Las democracias actuales no han logrado hasta ahora deslindar sus postulados decimonónicos de los límites inexorables que les impone el modelo de acumulación neoliberal. Más allá de acontecimientos de incidencia planetaria indudable como la desigualdad, la violencia, la pandemia y las guerras, pareciera que en todos los países con democracias formales herederas de la tradición iluminista comienzan a vislumbrarse algunas situaciones novedosas y, a la vez, preocupantes.

Es allí donde habría que ensayar un ejercicio político de auscultación, reconociendo que esta fase del capitalismo extrema ha modificado la conciencia, el humor, las expectativas e intuiciones de los ciudadanos en gran parte del mundo, en especial de ese constructo eurocéntrico que denominamos occidente.

Esas transformaciones comienzan a expresarse en cambios políticos a esta altura indiscutibles y, además, reiterados.

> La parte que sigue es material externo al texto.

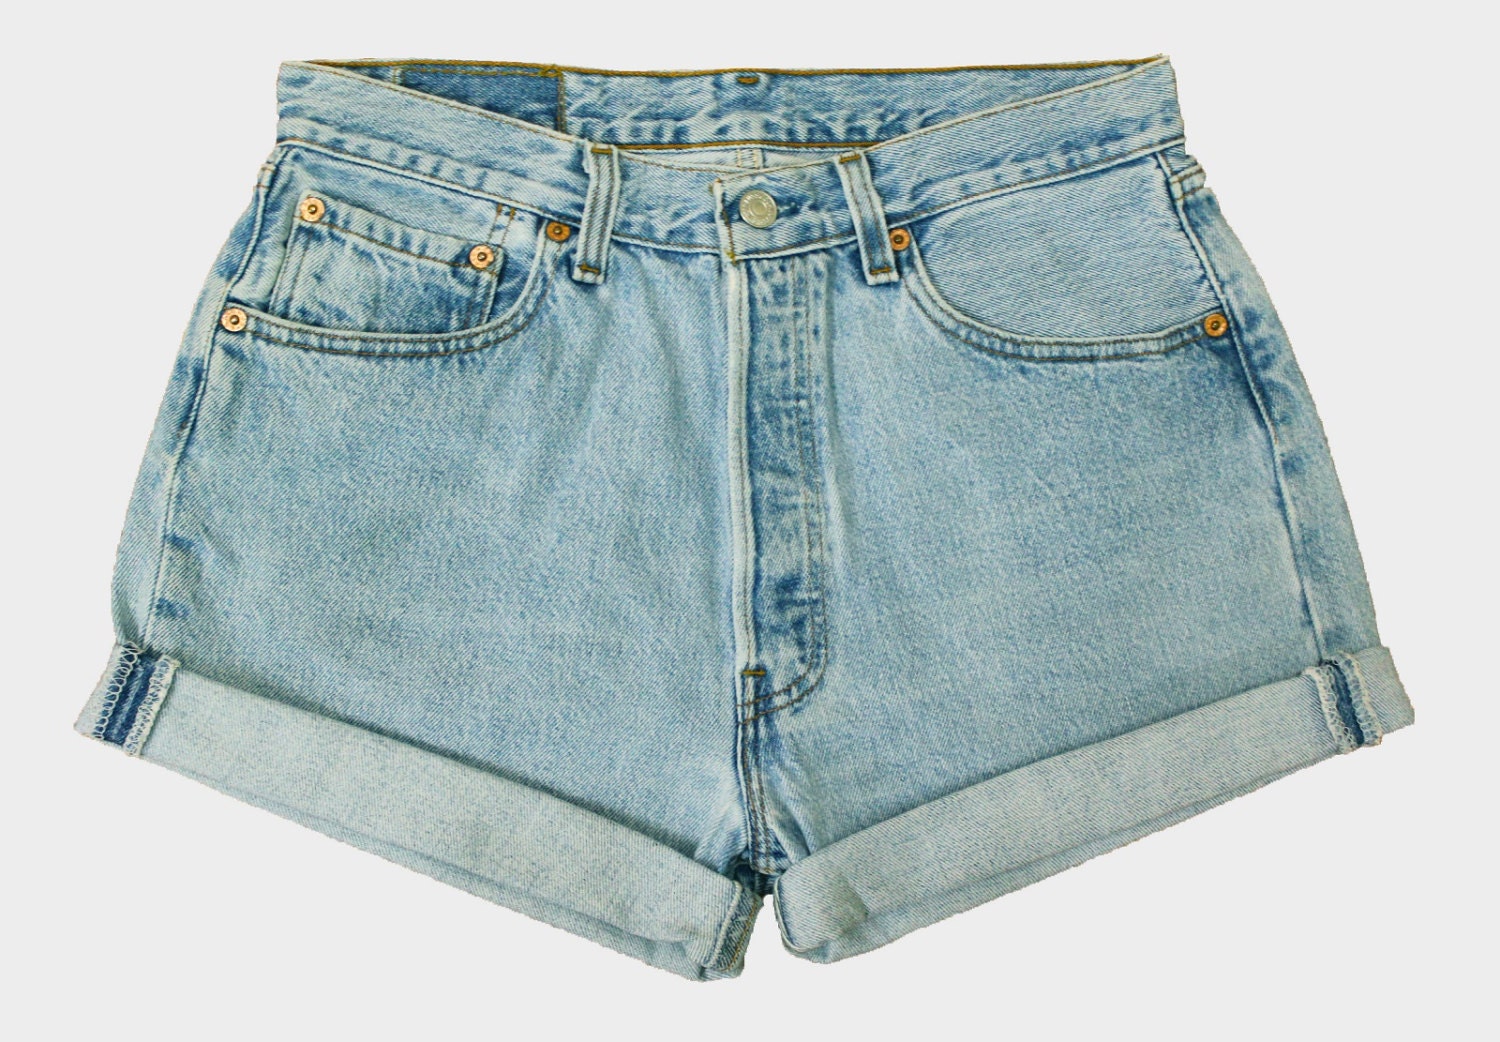 ALL SIZES – Vintage Levis 501’s Roll Up / Cuffed High Waisted Denim ...

La abstención de los electores, la volatilidad de los liderazgos y los consensos, la aparición de inconstantes coaliciones, la modificación de los sistemas bipartidistas en los países donde formaban parte de las más arraigadas tradiciones, la adhesión a discursos prietos, huecos, plagados de promesas altisonantes y extremos, el rol desusado que comienzan a jugar en la vida política y electoral las burocracias judiciales, los servicios de inteligencia, las corporaciones mediáticas, las organizaciones e instituciones regionales, los poderes financieros y las mafias.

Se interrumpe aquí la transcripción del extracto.